A holistic view of health

In 2013, before he moved to Columbia University, Miller helped launch the first exposomics research center in the United States at Emory University. He saw it as a Herculean task and crafted the acronym for the center to spell out HERCULES (Health and Exposome Research Center: Understanding Lifetime Exposures).

A key part of the center's approach has been to engage directly with people in the communities around Atlanta and across Georgia, explains Carmen Marsit, PhD, a professor, a dean at the Rollins School of Public Health, and the director of HERCULES. That has meant creating a stakeholder advisory board, awarding research that uses the principles of community engagement, and considering community members partners in research.

"When we worked with Atlanta regional communities and talked about this concept [of the exposome], it really resonated with the community," Marsit says. "[They said,] 'Finally you're thinking about a holistic approach to health. We don't just have lead exposure, but also low access to healthy foods.' These communities are really interested in this framework."

The greater challenge, Marsit says, is getting researchers and clinicians to think in these terms.

"We've learned that people still want to come in with a very specific angle," he says. "Trying to bring together those discussions is a big part of what we do at the center."

NEXUS also aims to bridge these scientific silos. Habre hopes that the field of exposomics could pave a way for the future of biomedical research and clinical science to be more cohesive.

"What I always recommend to early-career folks is to try to really be that person who is interdisciplinary," she says. "Listen to other experts in other domains. Think about how they think about problems. You'd be surprised how hard that is."

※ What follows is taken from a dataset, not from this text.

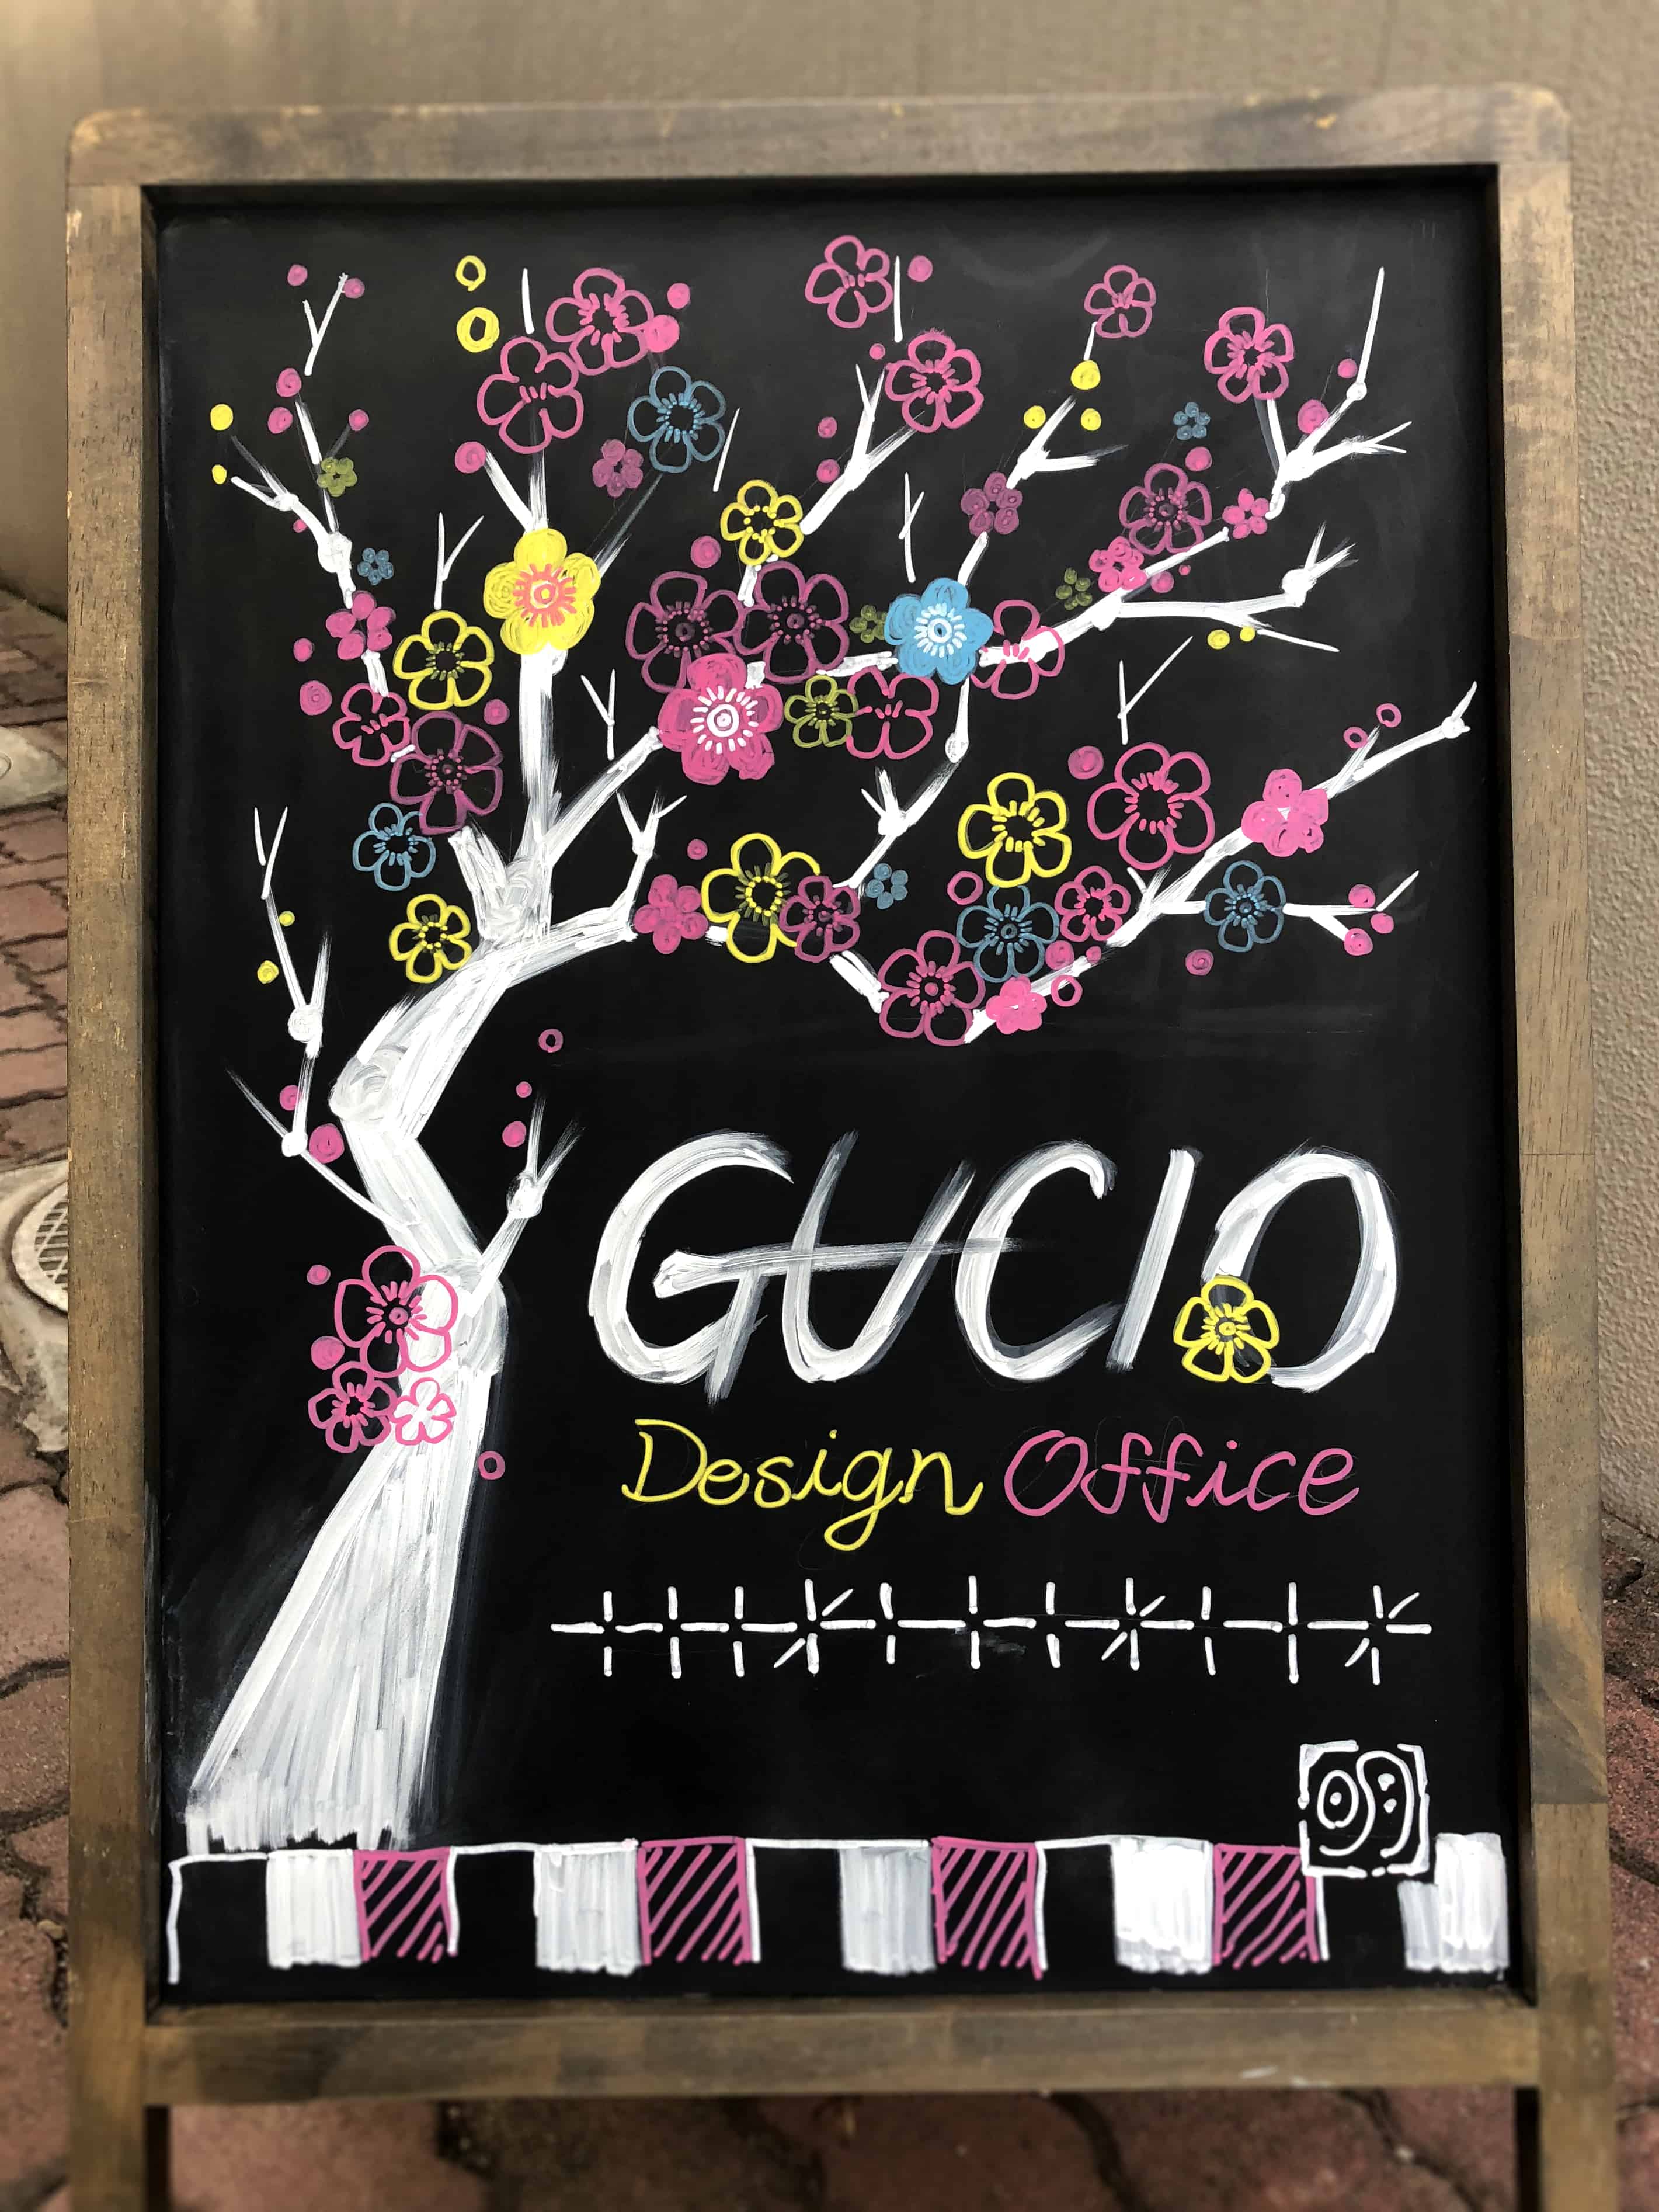 立て看板更新 梅 あなたの 伝えたい を叶える会社 東京のwebコンサルティング Gucio Co あなたの 伝えたい を叶える会社 東京のwebコンサルティング Gucio Co

She envisions a future in which the various disciplines coordinate to build exposomic profiles for individuals that will be a part of their electronic medical records and that could inform a more personalized approach to treatment and prevention of disease.

"Among the first questions clinicians ask when they see their patients is to get their 'social' history - for example, how much they smoke, drink, and their family histories," Patel says. "Exposomics has an opportunity to operationalize that social history. The exposome expresses a source for finding modifiable risk factors for screening or prevention and, potentially, to be used at the bedside for clinical decision-making for patients who already have a disease."

Currently, Miller is leading a multicenter effort, funded by a $39.5 million grant from the Advanced Research Projects Agency for Health, focused on using exposomics, specifically with mass spectrometry and bioinformatics, to study how various exposures and drugs interact with one another to make medications more or less effective.

Part of that project is to create Clinical Laboratory Improvement Amendments (CLIA)-certified blood tests that physicians can order to better understand how to optimize medication management for individual patients.

"Clinicians are used to trial and error" when prescribing medications, Miller says. "Why don't we see if we can make that better?"

Habre is careful to note that this concept of personalized medicine doesn't negate the need for public health. Exposomics can identify specific environmental and social triggers for disease that will require a broader policy approach to address. Often, she observes, scientists become protective of their own approach, at times to the detriment of alternative ones.

"We need people who know how to work across fields and domains, and not just live in their silos," Habre says. "That's what it's going to take to get exposomics to the vision."

As part of their efforts to work globally on this vision, Miller, Patel, and Habre attended an international exposomics conference in the Czech Republic in mid-October 2025.

One of the events took place at the Mendel Museum, dedicated to Gregor Mendel, known as the father of experimental genetics. Miller says he had a long conversation with a leading European geneticist who, before they spoke, had never heard of exposomics.

"By the end of the conversation, he was saying that we have to have both," Miller says. "The genomics and exposomics. They complement each other."